Shibayama J, Yuzyuk TN, Cox J, Makaju A, Miller M, Lichter J, Li H, Leavy JD, Franklin S, Zaitsev AV - PLoS ONE (2015)

Bottom Line: As compared to Control, ATP, phosphocreatine (PCr), creatine, and PCr/ATP (prognostic indicator of mortality in HF patients) were all significantly reduced in DHF, but not SHF.In addition, the myocardial levels of carnitine (mitochondrial fatty acid carrier) and fatty acids (12:0, 14:0) were significantly reduced in DHF, but not SHF.The energy deficit observed in DHF, but not in SHF, may be associated with a critical decrease in fatty acid delivery to the ß-oxidation pipeline, primarily due to a reduction in myocardial carnitine content.

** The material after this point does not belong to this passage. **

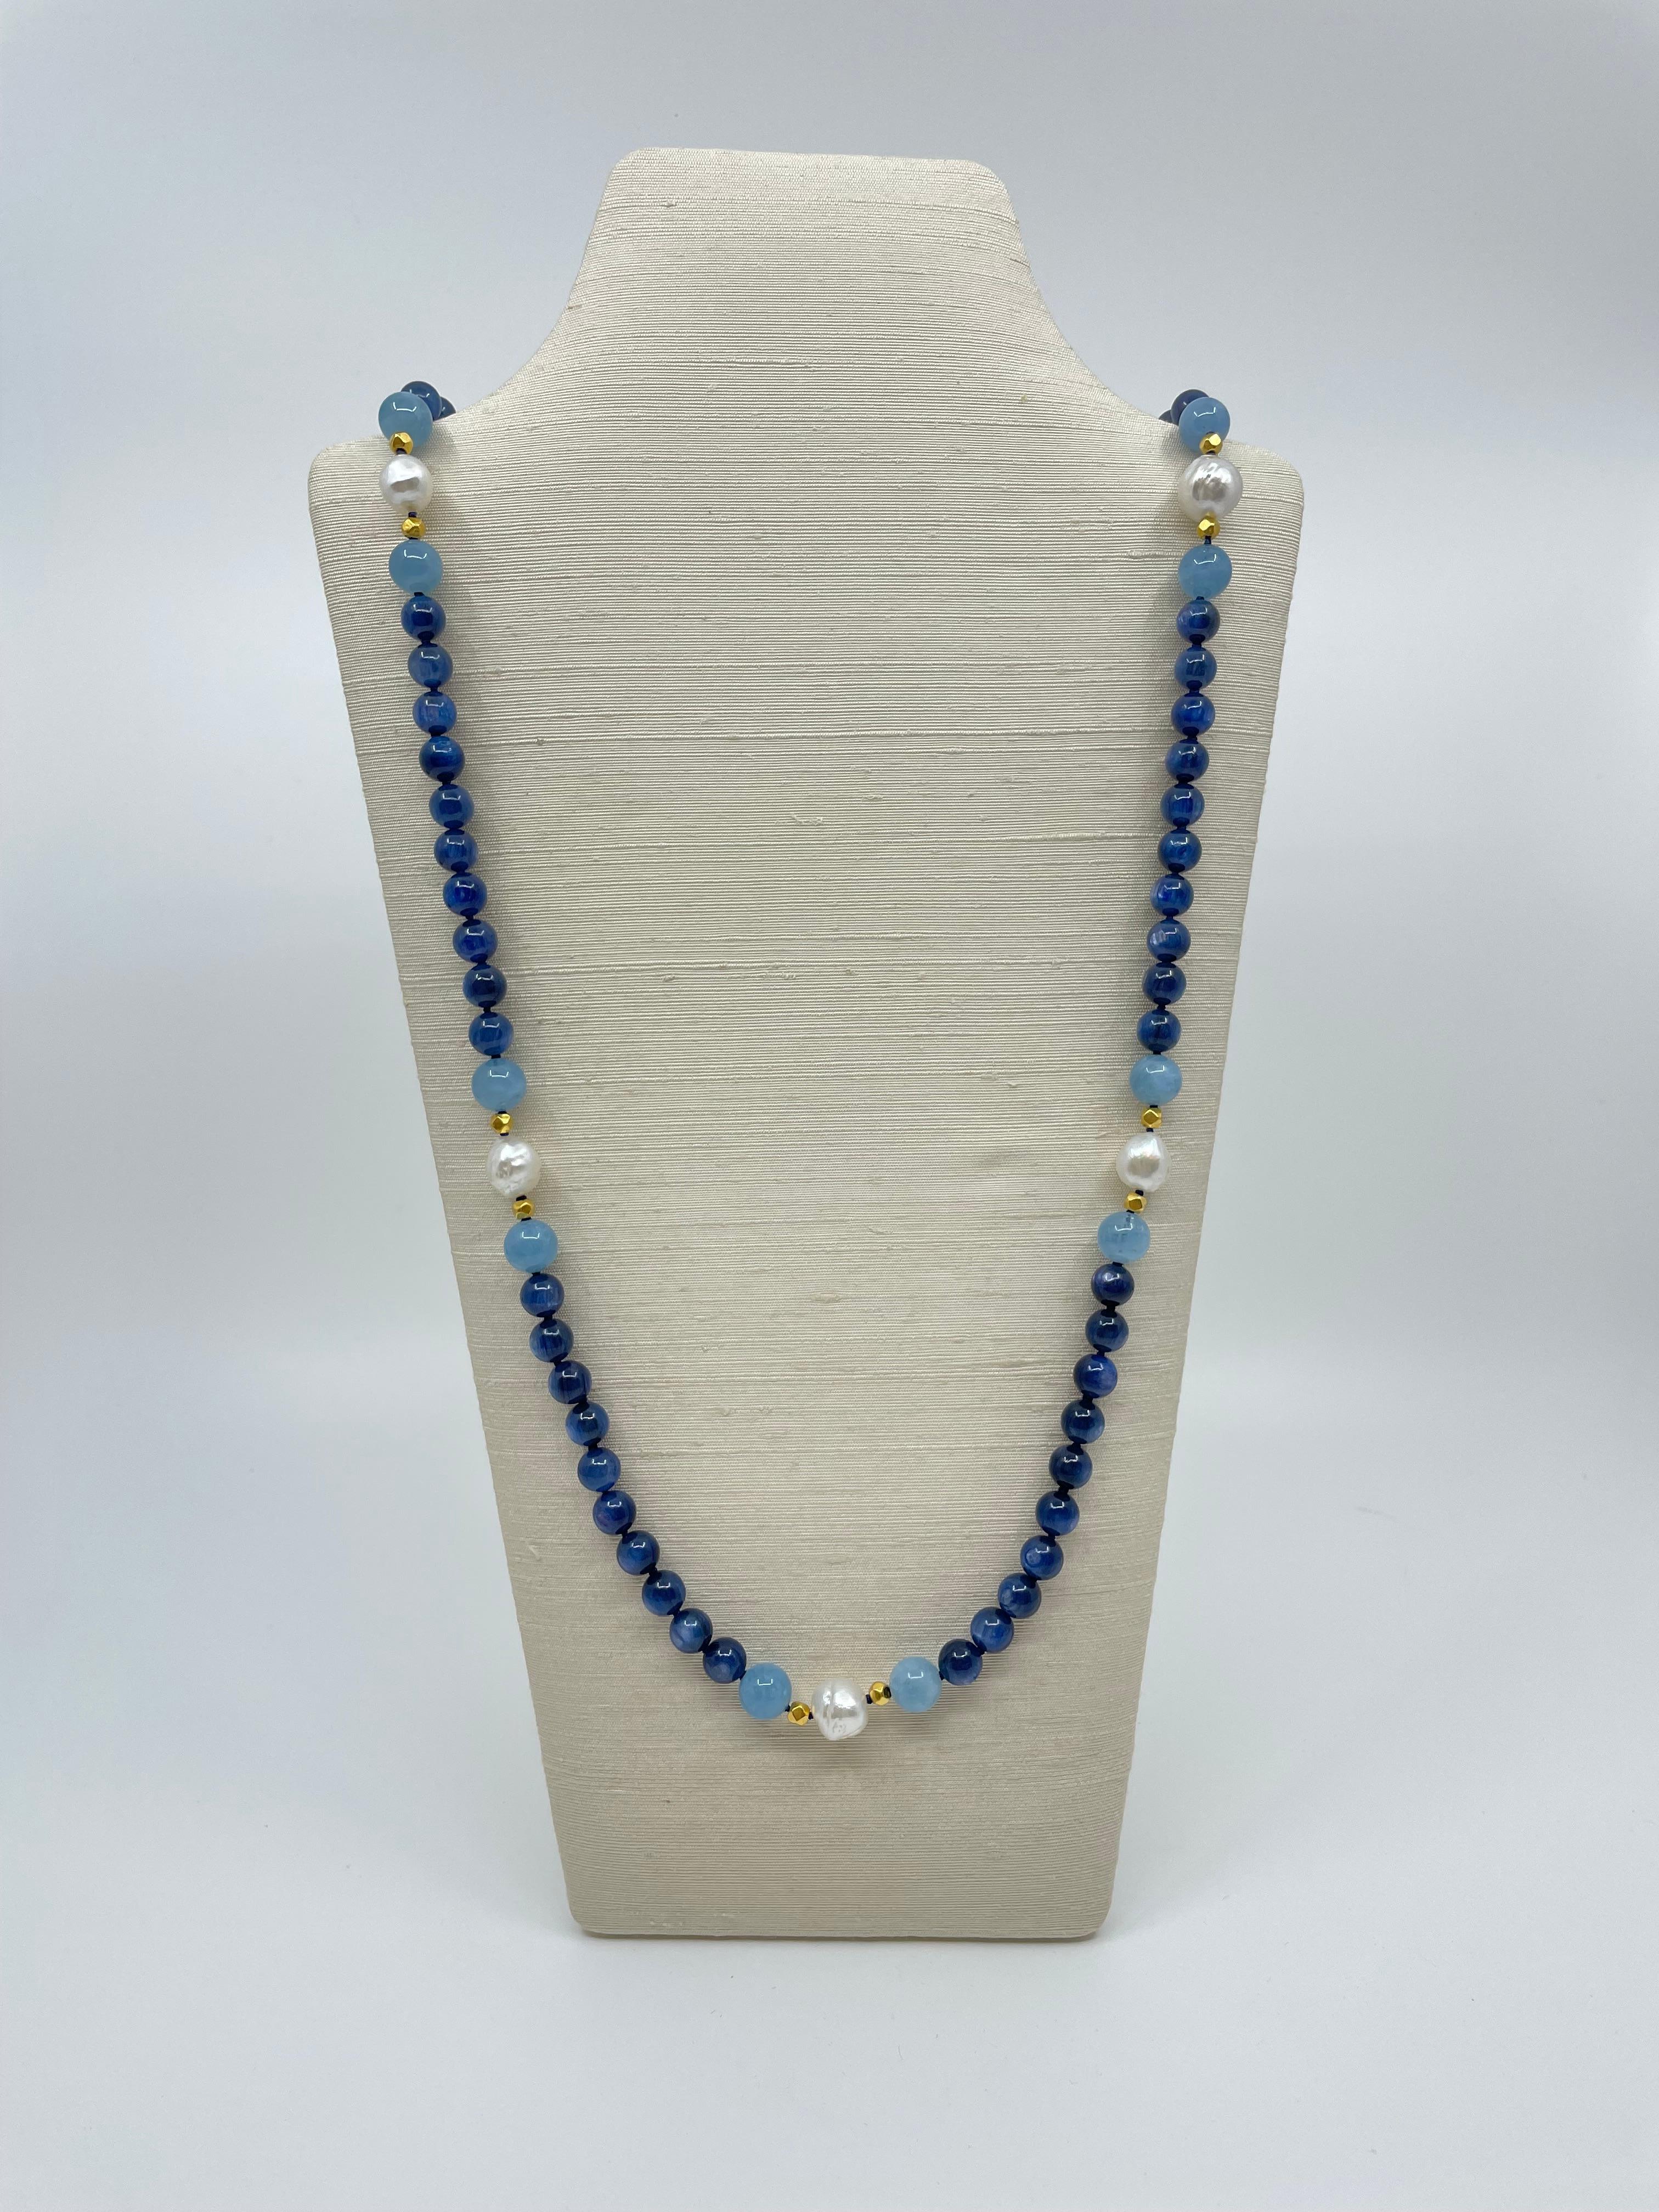 Die fabelhafte Halskette aus unserer Collection'S Amalfi ist handgefertigt und besteht aus leuchtend blauen Kyanit-Perlen, die mit sechs Gruppen zartblauer Aquamarin-Perlen und Perlen aus massivem 18-karätigem Gold durchsetzt sind. In der Mitte

View Article: PubMed Central - PubMed

Affiliation: Nora Eccles Harrison Cardiovascular Research and Training Institute, University of Utah, Salt Lake City, Utah, United States of America; Department of Internal Medicine, University of Utah School of Medicine, Salt Lake City, Utah, United States of America.

ABSTRACT
Heart failure (HF) is accompanied by complex alterations in myocardial energy metabolism. Up to 40% of HF patients have dyssynchronous ventricular contraction, which is an independent indicator of mortality. We hypothesized that electromechanical dyssynchrony significantly affects metabolic remodeling in the course of HF. We used a canine model of tachypacing-induced HF. Animals were paced at 200 bpm for 6 weeks either in the right atrium (synchronous HF, SHF) or in the right ventricle (dyssynchronous HF, DHF). We collected biopsies from left ventricular apex and performed comprehensive metabolic pathway analysis using multi-platform metabolomics (GC/MS; MS/MS; HPLC) and LC-MS/MS label-free proteomics. We found important differences in metabolic remodeling between SHF and DHF. As compared to Control, ATP, phosphocreatine (PCr), creatine, and PCr/ATP (prognostic indicator of mortality in HF patients) were all significantly reduced in DHF, but not SHF. In addition, the myocardial levels of carnitine (mitochondrial fatty acid carrier) and fatty acids (12:0, 14:0) were significantly reduced in DHF, but not SHF. Carnitine parmitoyltransferase I, a key regulatory enzyme of fatty acid ß-oxidation, was significantly upregulated in SHF but was not different in DHF, as compared to Control. Both SHF and DHF exhibited a reduction, but to a different degree, in creatine and the intermediates of glycolysis and the TCA cycle. In contrast to this, the enzymes of creatine kinase shuttle were upregulated, and the enzymes of glycolysis and the TCA cycle were predominantly upregulated or unchanged in both SHF and DHF. These data suggest a systemic mismatch between substrate supply and demand in pacing-induced HF. The energy deficit observed in DHF, but not in SHF, may be associated with a critical decrease in fatty acid delivery to the ß-oxidation pipeline, primarily due to a reduction in myocardial carnitine content.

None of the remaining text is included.